In pursuit of my first Olive-backed pipit of the season previously heard but not seen I went up to the top, an insistence largely due to stubborness rather than common sense, for a windfall of birds should not be expected after a cold front had reached three days before. No birds added to morning's list but lots of hikers and big tents and temporary toilets for the coming Oxfam trailwalkers' annual race.

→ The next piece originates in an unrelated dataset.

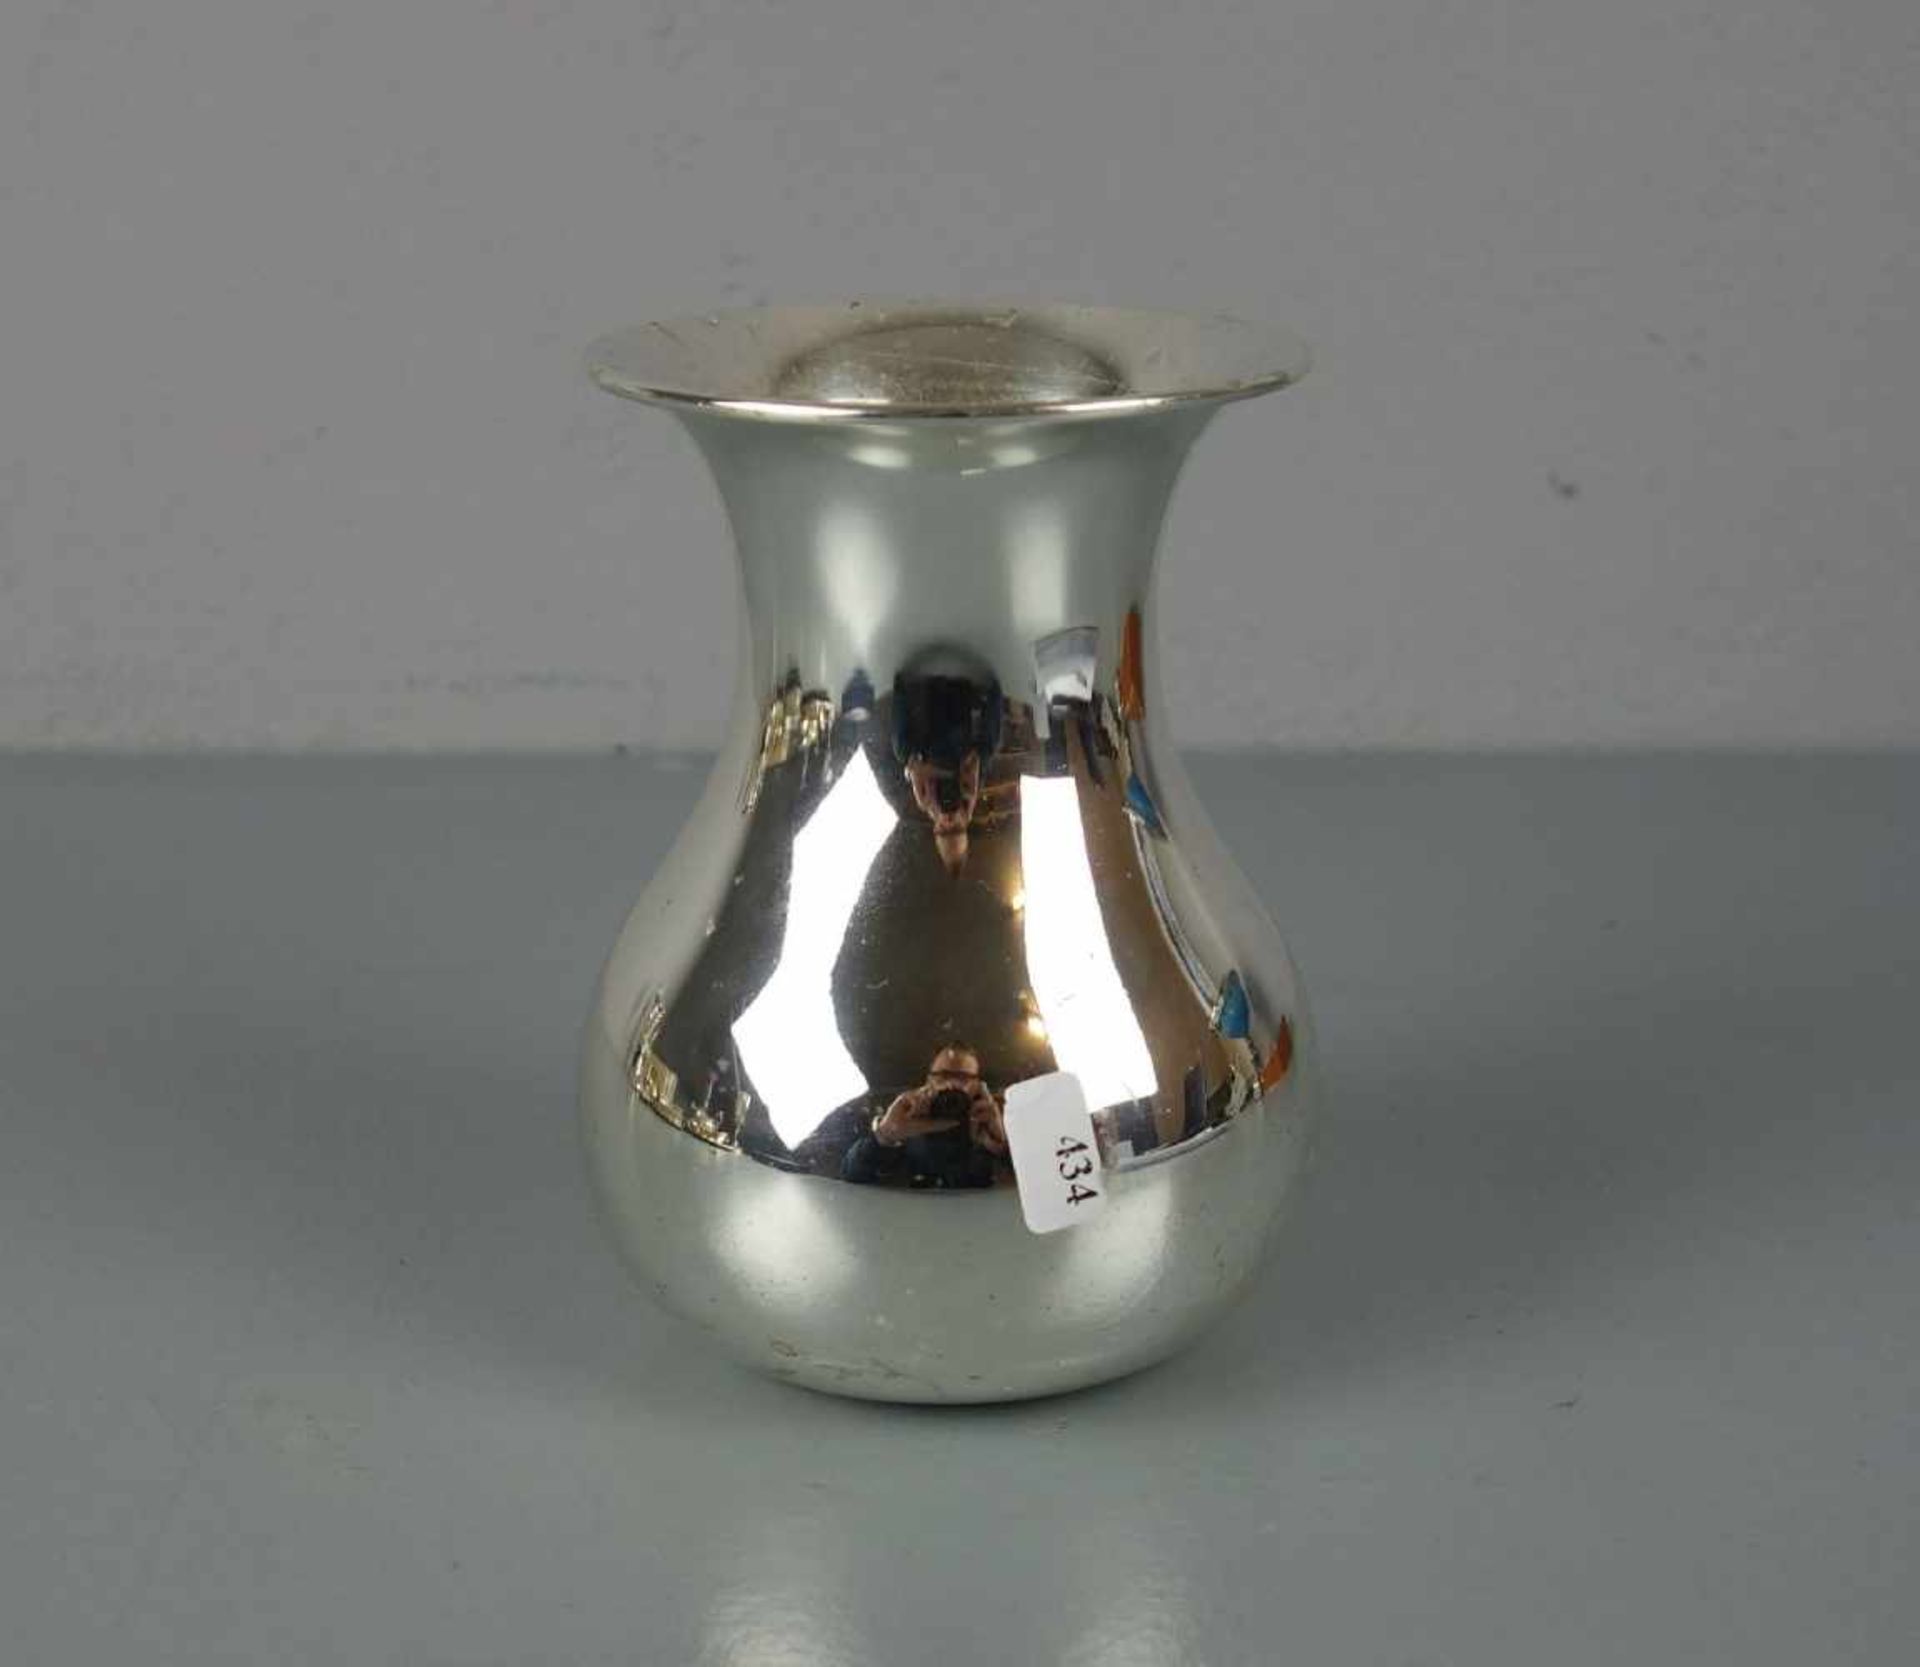 VASE, 925er Silber (250 g), bezeichnet "Sterling" und gepunzt mit Halbmond, Krone, Feingehaltsangabe

Fifteen minutes down from the top I saw a single Grey-throated minivet which soon followed by others, not a noisy lot creating an unawareness in me unill I heard and saw a Fortailed sunbird, a Yellow-cheeked tit and lots of Rufous-capped babblers. It was then that I detected a flycatcher with a greyish blue breast with a black collar fringing the upper side - a Black-naped monarch. A sideway facing away revealed a light brown upperbody telling me it being a first winter male. It was nice to see its kind again fanning out its tail. The biggest bird in the vincinity was a Black-winged cuckoo shrike which failed to distract me for I was in pursuit of something new for my season's  list of the region. And I was satisfied when I got sight of a flycatcher which orange throat and breast, my first Mugimaki around the area. It was the next good bird that was hard to come by. I was already more than fifteen minutes with the birdwave. I was walking down the road following the birds, again and again Grey throated minivets mingled just with a single female Scarlet. My attention was then turned to smaller birds, almost always Rufous-capped babblers until I saw a warbler reminisent of ioras I saw in Fraser's Hills. No, not quite like when I saw its thick black crown stripes, together with its virtually yellow underbody with clear yellow greater covert wing bar, good enough to convince myself but insufficent to uphold my record that it was a Sulphur-breasted warbler before the prestigious record committee members.

S L Tai

[ Last edited by tsheunglai at 13/11/2011 20:43 ]


17th Nov 2011

It was my second chance to bird on a weekday in as many months. I snatched it up without a second thought.
Would there me good birds awaiting me?

It was the nineteenth bird which was a Black-naped Monarch. However, it was seen at nearly extreme distance affording little pleasure. It was foraging just under the canopy in the shade, barely identifiable with the help of some logical elimination. While walking in light rain, I couldn't help noticing that Fortailed sunbirds had increased in number in marked difference to October. Their two typical calls were heard every now and then. I also spent some time self-reproaching for subjective willfulness of seeing White-breasted kingfishers again after about six years, thus blinding myself until I saw with clear sight that they were some vociferous Blue magpies.

Though enjoying no good haul of birds, I cannot help but to inform my readers that the area have increased in the number of species seen or heard which exceeded thirty for the past two weeks, being 37 last week.

S L Tai

[ Last edited by tsheunglai at 18/11/2011 20:10 ]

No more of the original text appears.